Information shown
* * * * * * * * *

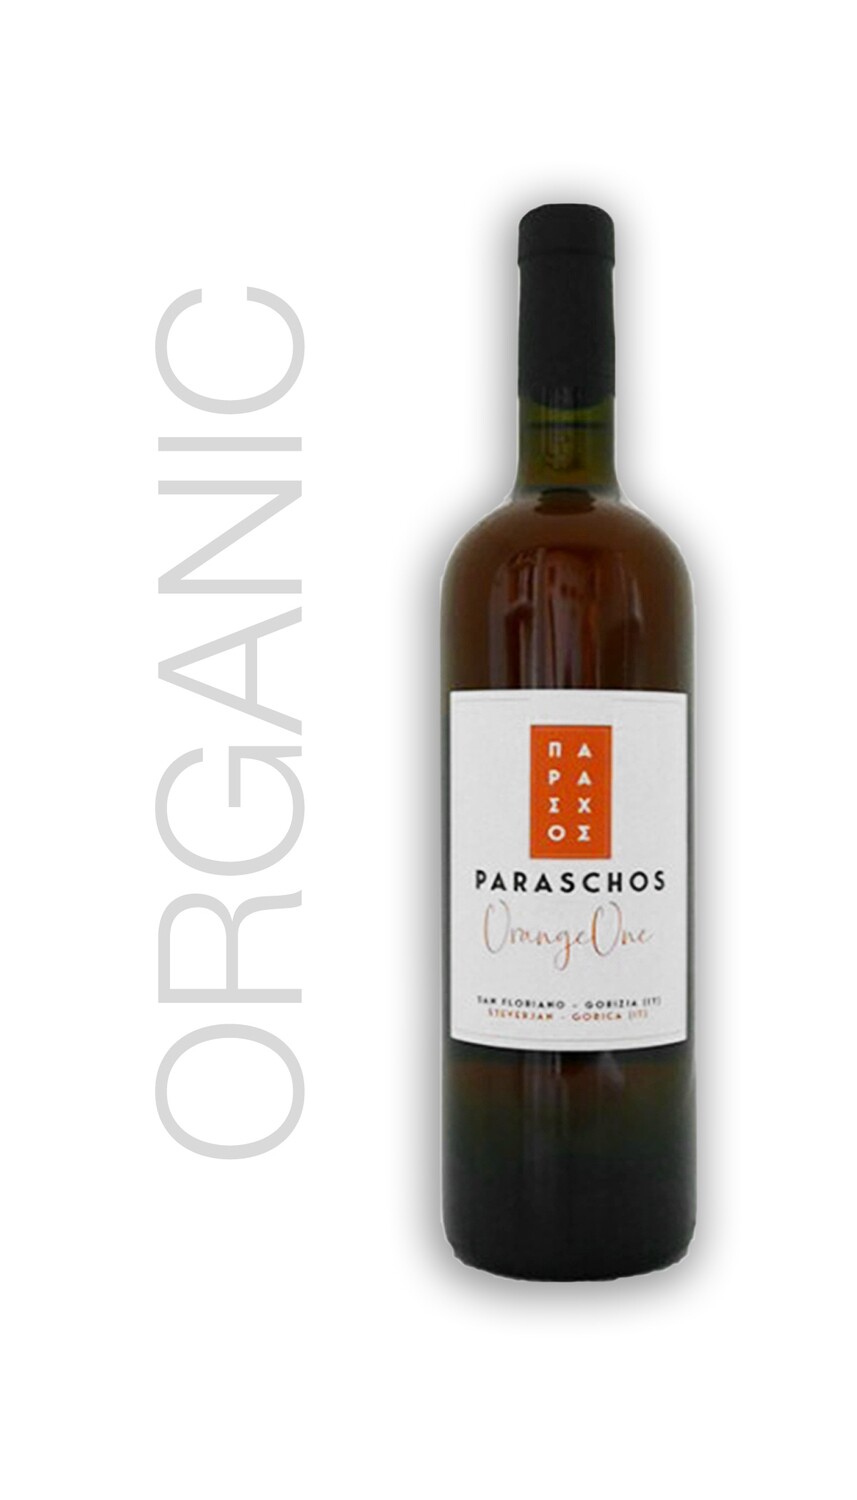 Paraschos OrangeOne Organic orange wine 2018
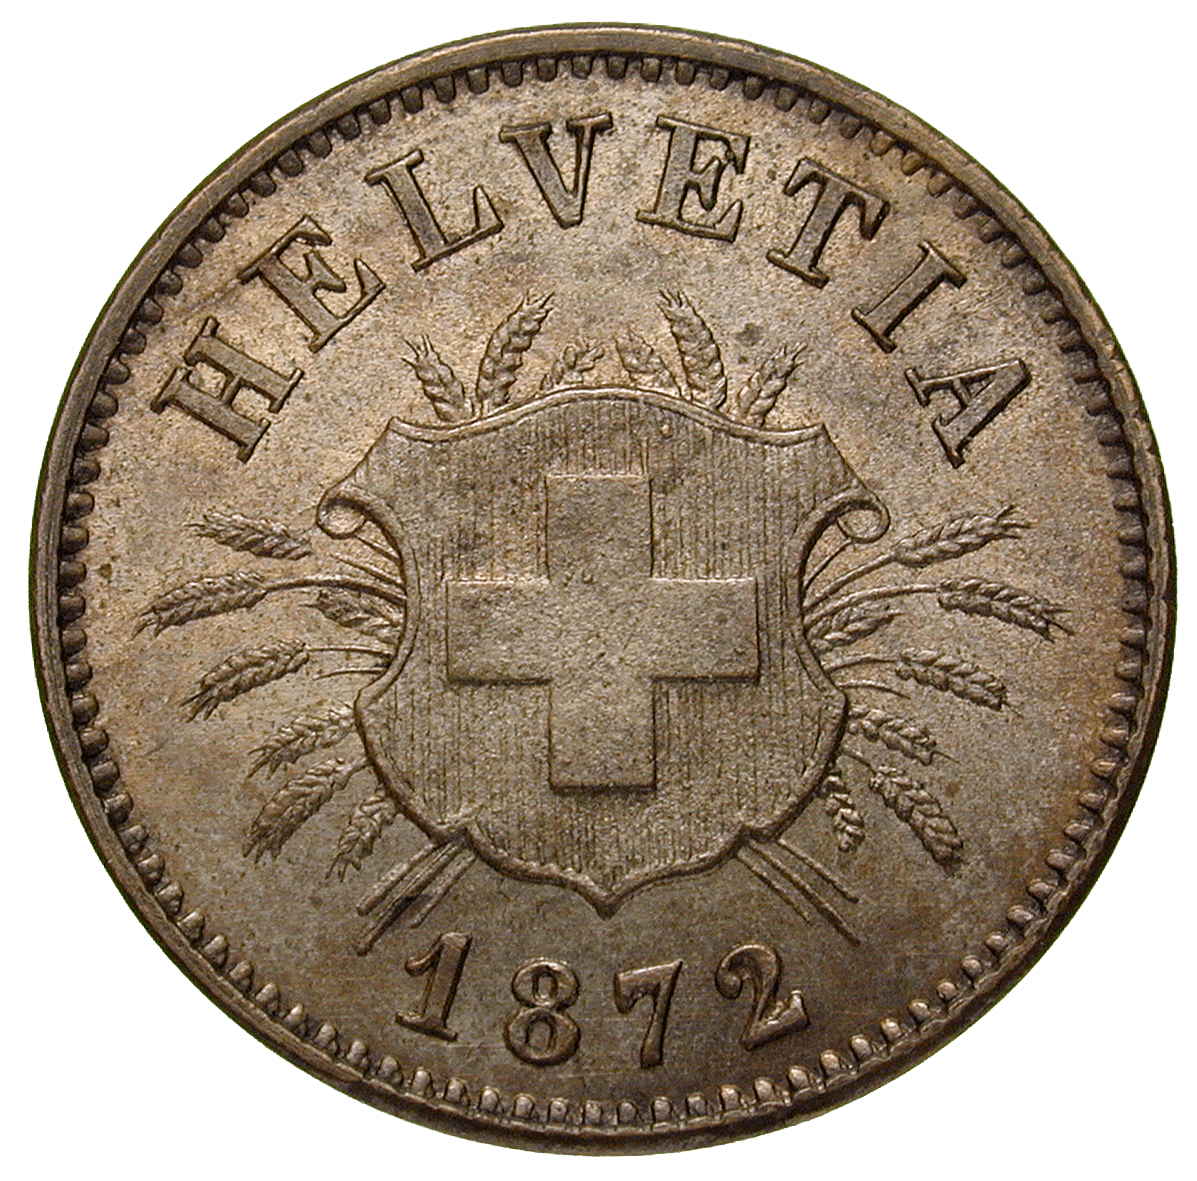 Swiss Confederation, 5 Rappen 1872 (obverse)
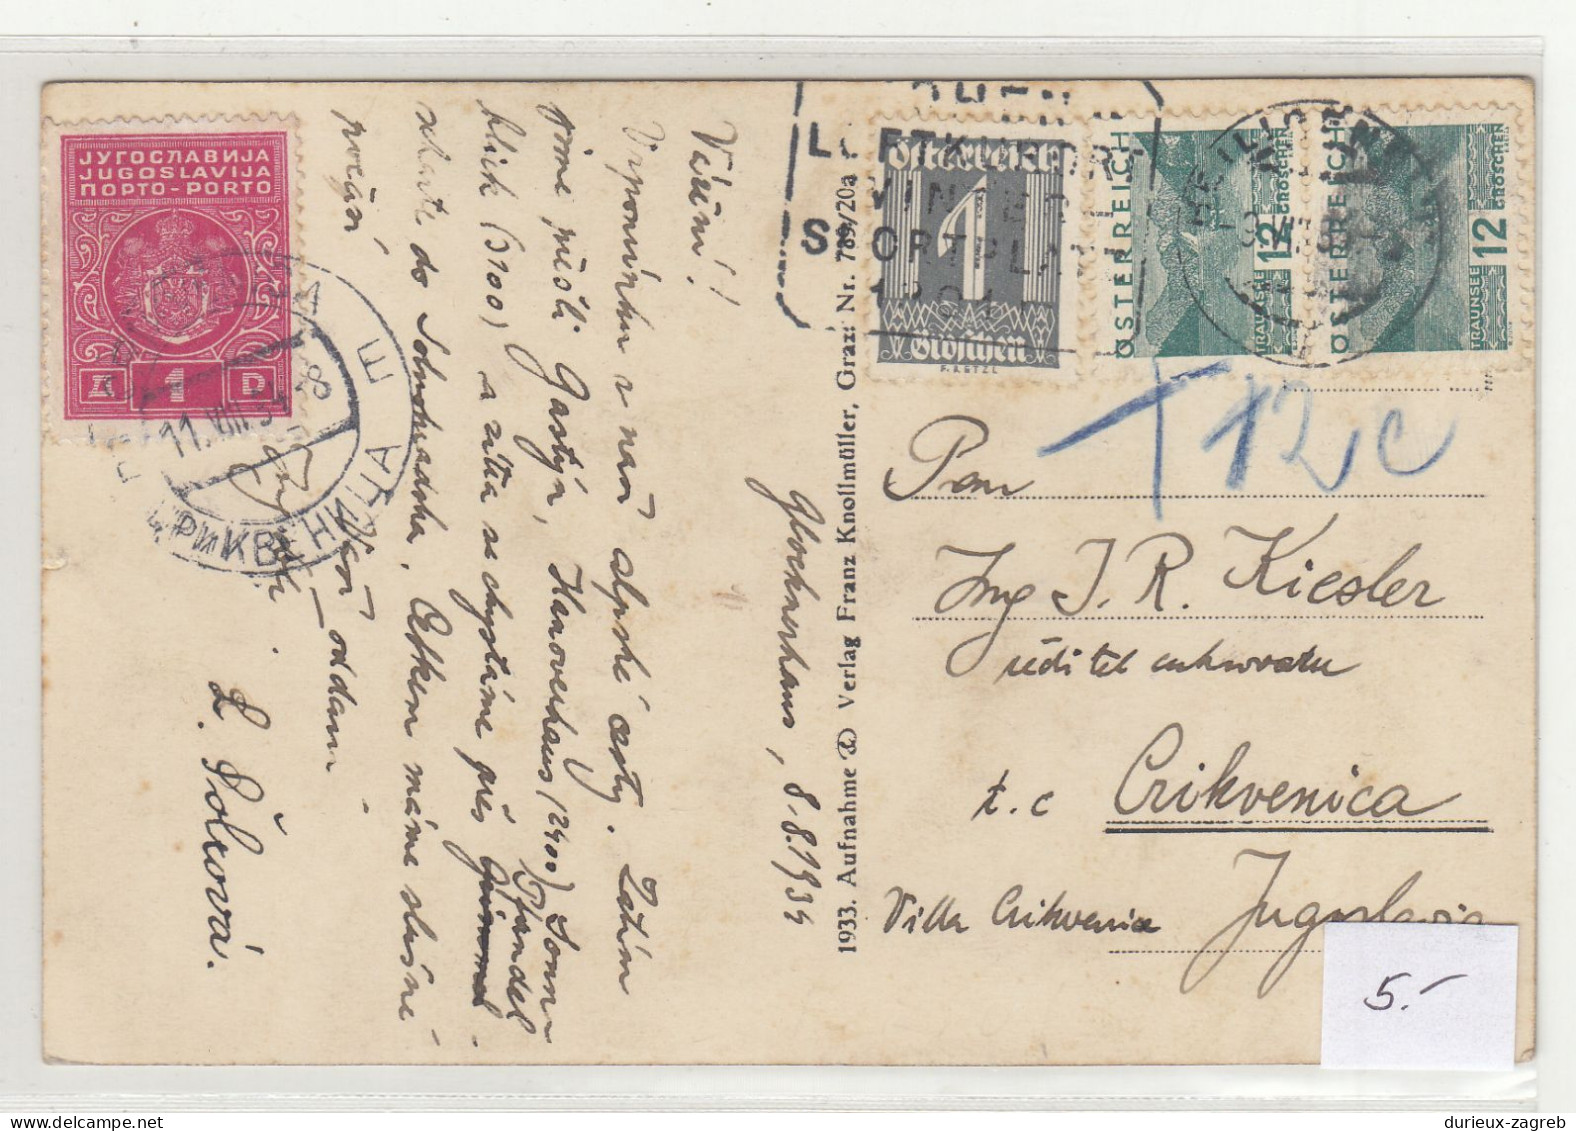 Yugoslavia Kingdom Postage Due Stamp On Postcard Heiligenblutt Posted 1934 Austria To Crikvenica B230720 - Postage Due

* * * * * * * * *

Instructions to follow
The whole listing above must be duplicated word for word, apart from its pictures.

Result of this exercise
 Paraschos OrangeOne Organic orange wine 2018
 Swiss Confederation, 5 Rappen 1872 (obverse)
 Yugoslavia Kingdom Postage Due Stamp On Postcard Heiligenblutt Posted 1934 Austria To Crikvenica B230720 - Postage Due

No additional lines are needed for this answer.